Why do they keep accepting dogs when they know they don't have the time/resources to take them?


----------



## Betttie (Jun 11, 2008)

They are a county run shelter and by law they have to to take in any animal. I am surprised the numbers are this high as I read in another e-mail that the "powers" that be want the numbers reduced. I think the Animal control officer just doesn't want to do anyone in. I don't know how much longer they can operate like this without euthing. A miracle is needed.


----------



## cshellenberger (Dec 2, 2006)

A county shelter is nearly impossible to run without Euthing at least some dogs that may not be adoptable. Our county is great about ONLY euthing dogs as a last resort (unless there is a bite history), however it sometimes needs to be done. The last thing a shelter needs is to become overcrowded as that leads to mass illnesses. 

I know of shelters that have gotten into this same situation that have had nearly all the dogs end up getting euthinized due to illness spreading though the resident population. It's an ugly situation to be in and it can be prevented.


----------



## Betttie (Jun 11, 2008)

I hear what you are saying. I know this shelter has done a great job moving the animals to rescue and adoption in the last year . I wish them well in their desire to stay no -kill. Something will happen one way or another soon I imagine.


----------



## hulkamaniac (Feb 11, 2009)

cshellenberger said:


> A county shelter is nearly impossible to run without Euthing at least some dogs that may not be adoptable. Our county is great about ONLY euthing dogs as a last resort (unless there is a bite history), however it sometimes needs to be done. The last thing a shelter needs is to become overcrowded as that leads to mass illnesses.
> 
> I know of shelters that have gotten into this same situation that have had nearly all the dogs end up getting euthinized due to illness spreading though the resident population. It's an ugly situation to be in and it can be prevented.

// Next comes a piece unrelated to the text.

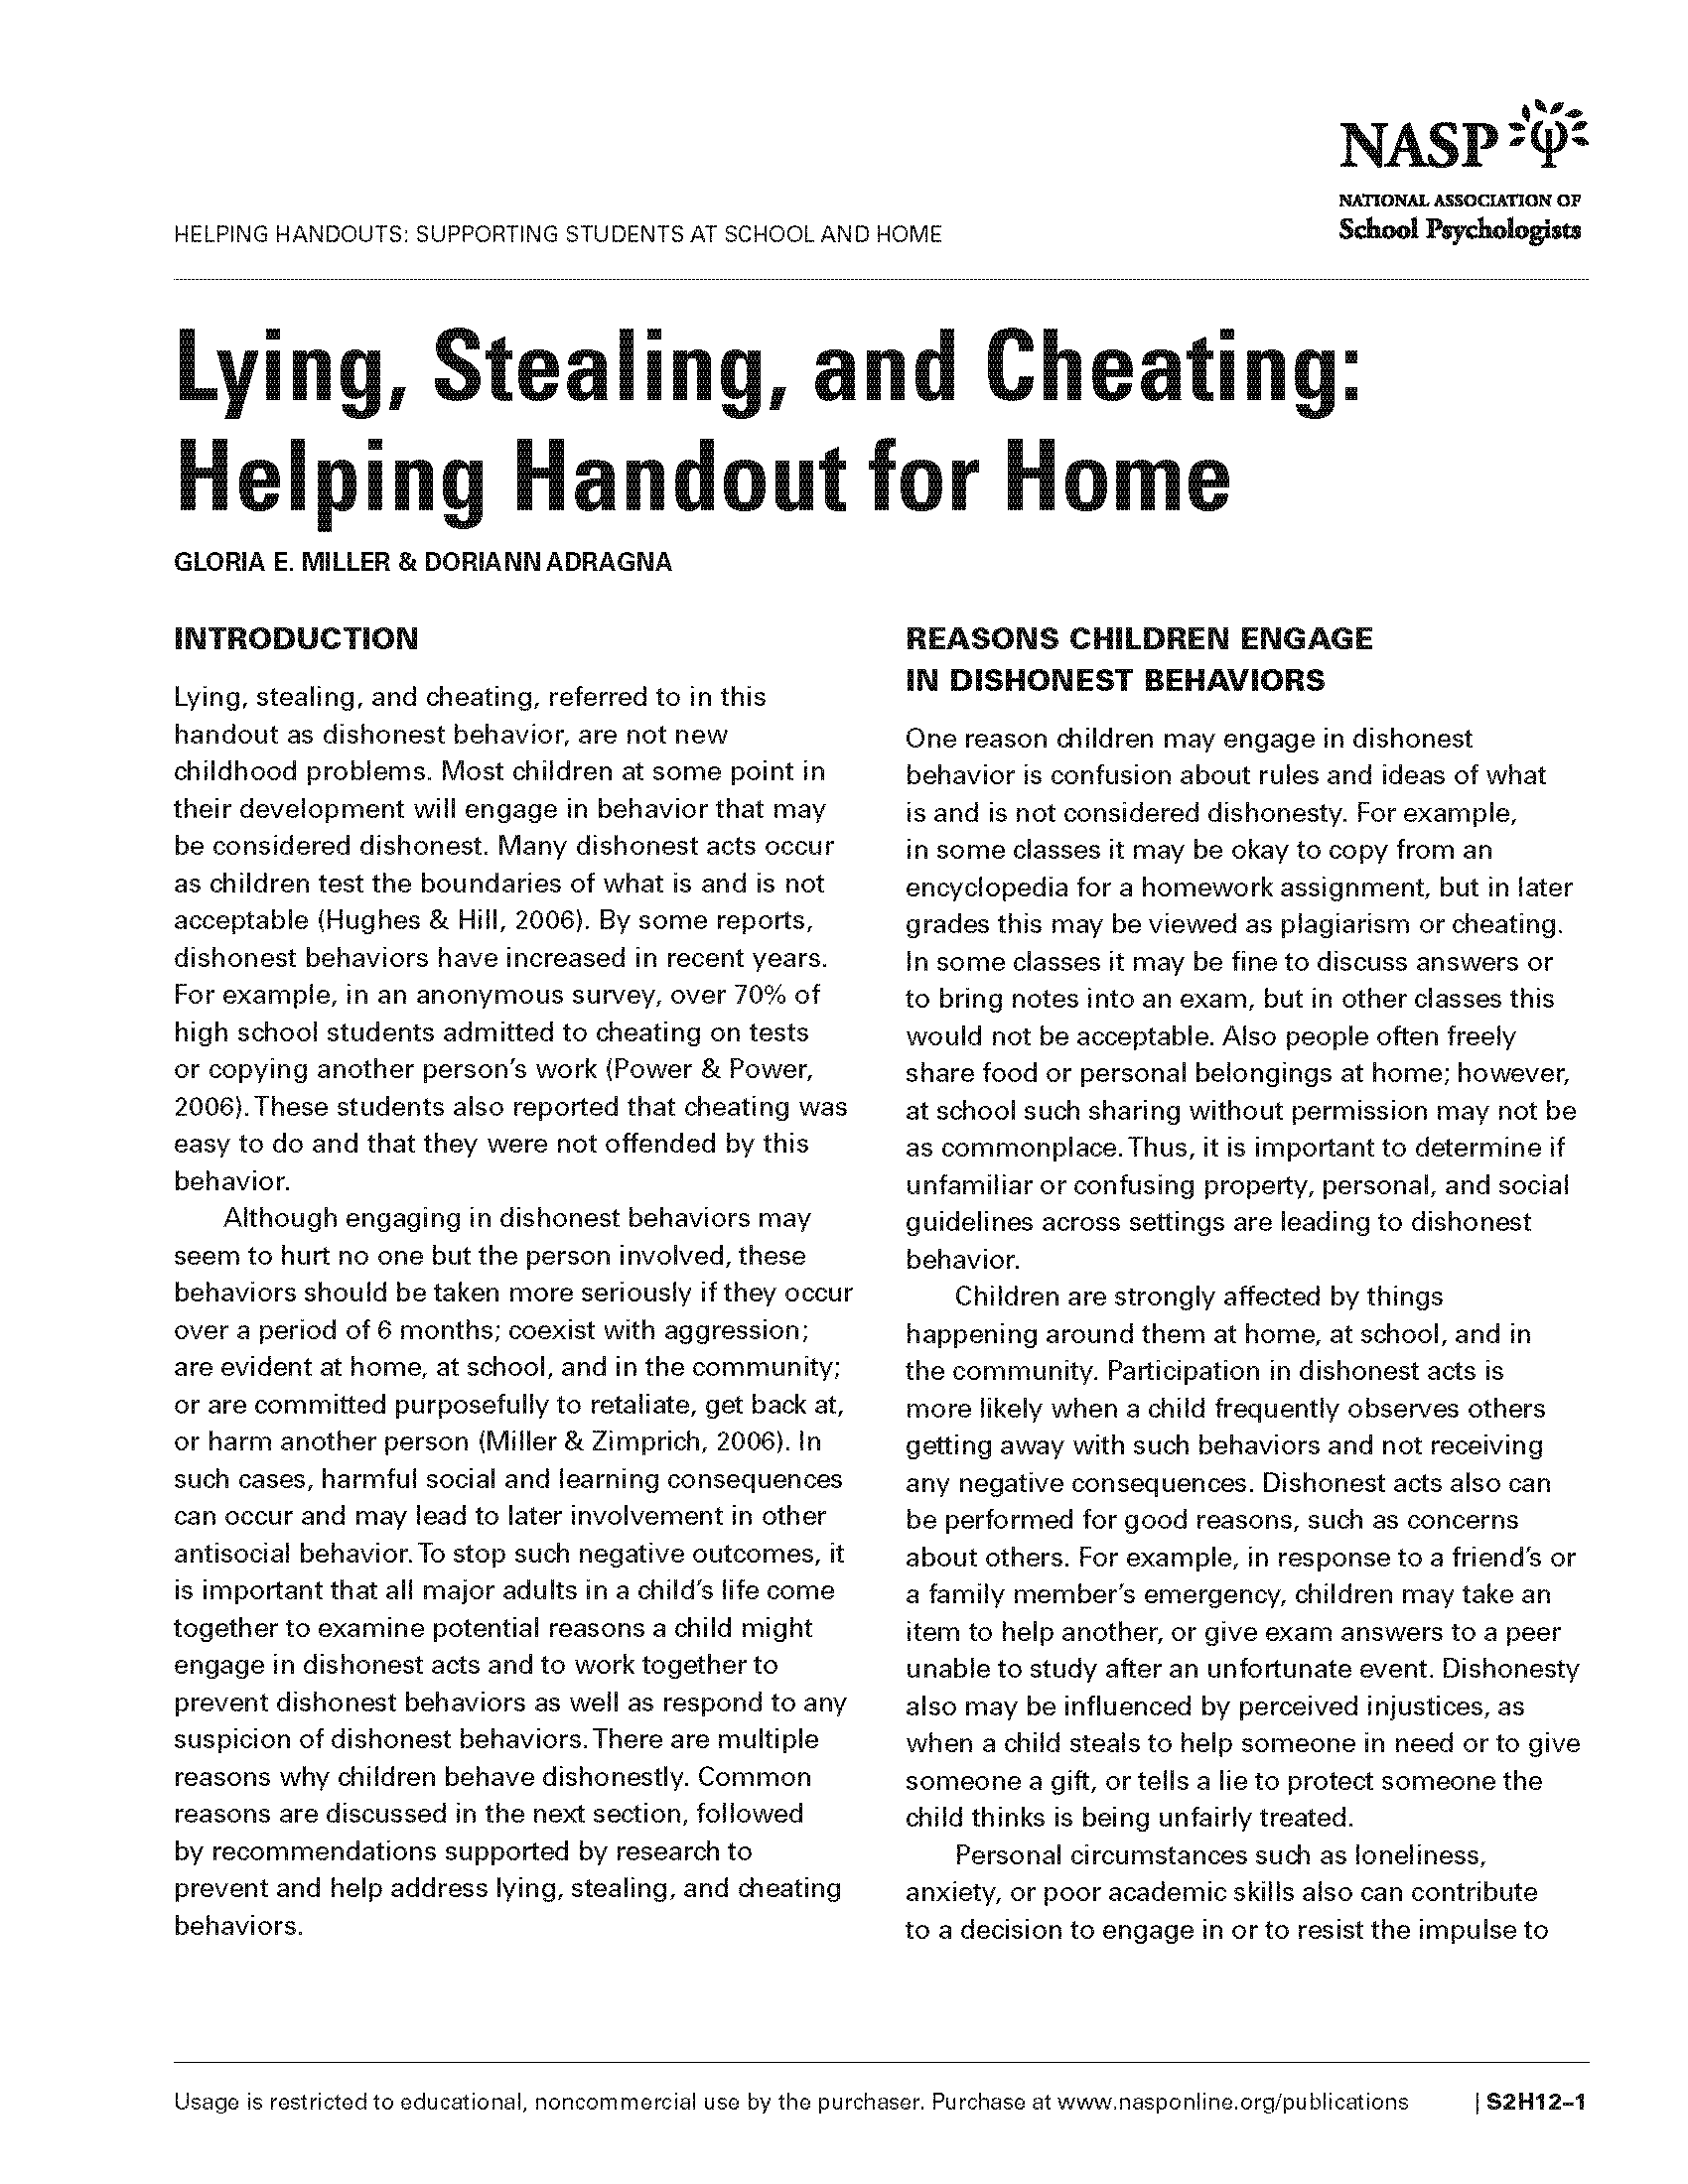 Lying, Stealing, and Cheating: Helping Handout for Home

I would second this, but would also add that there are some dogs that should be euthanized rather than be kept in a shelter the rest of their lives. CM tells a story in one of his books about an extremely aggressive large dog who would lunge at the throat of anyone who came close to him. Several behaviorists worked with this dog and failed so CM was called in as a last resort. He claims he was able to get the dog to not attack him after a month or two, but the dog still tried to attack any of Cesar's assistants who came by. The dog was put into a no-kill shelter and into a kennel by himself as he was a danger to anyone and could not be adopted. Now, is it more humane to keep the dog in a kennel alone the rest of his life or simply euthanize him? 

Some dogs, because of the time and effort it would take to rehabilitate them, are better off being euthanized IMO. Especially in a shelter with limited resources as this one obviously is.


----------



## .308 (Jul 26, 2009)

hulkamaniac said:


> Why do they keep accepting dogs when they know they don't have the time/resources to take them?


I've worked at a couple of no kill shelters. When they are filled to maximum occupancy, they don't take any more animals, period, not matter what the sob story.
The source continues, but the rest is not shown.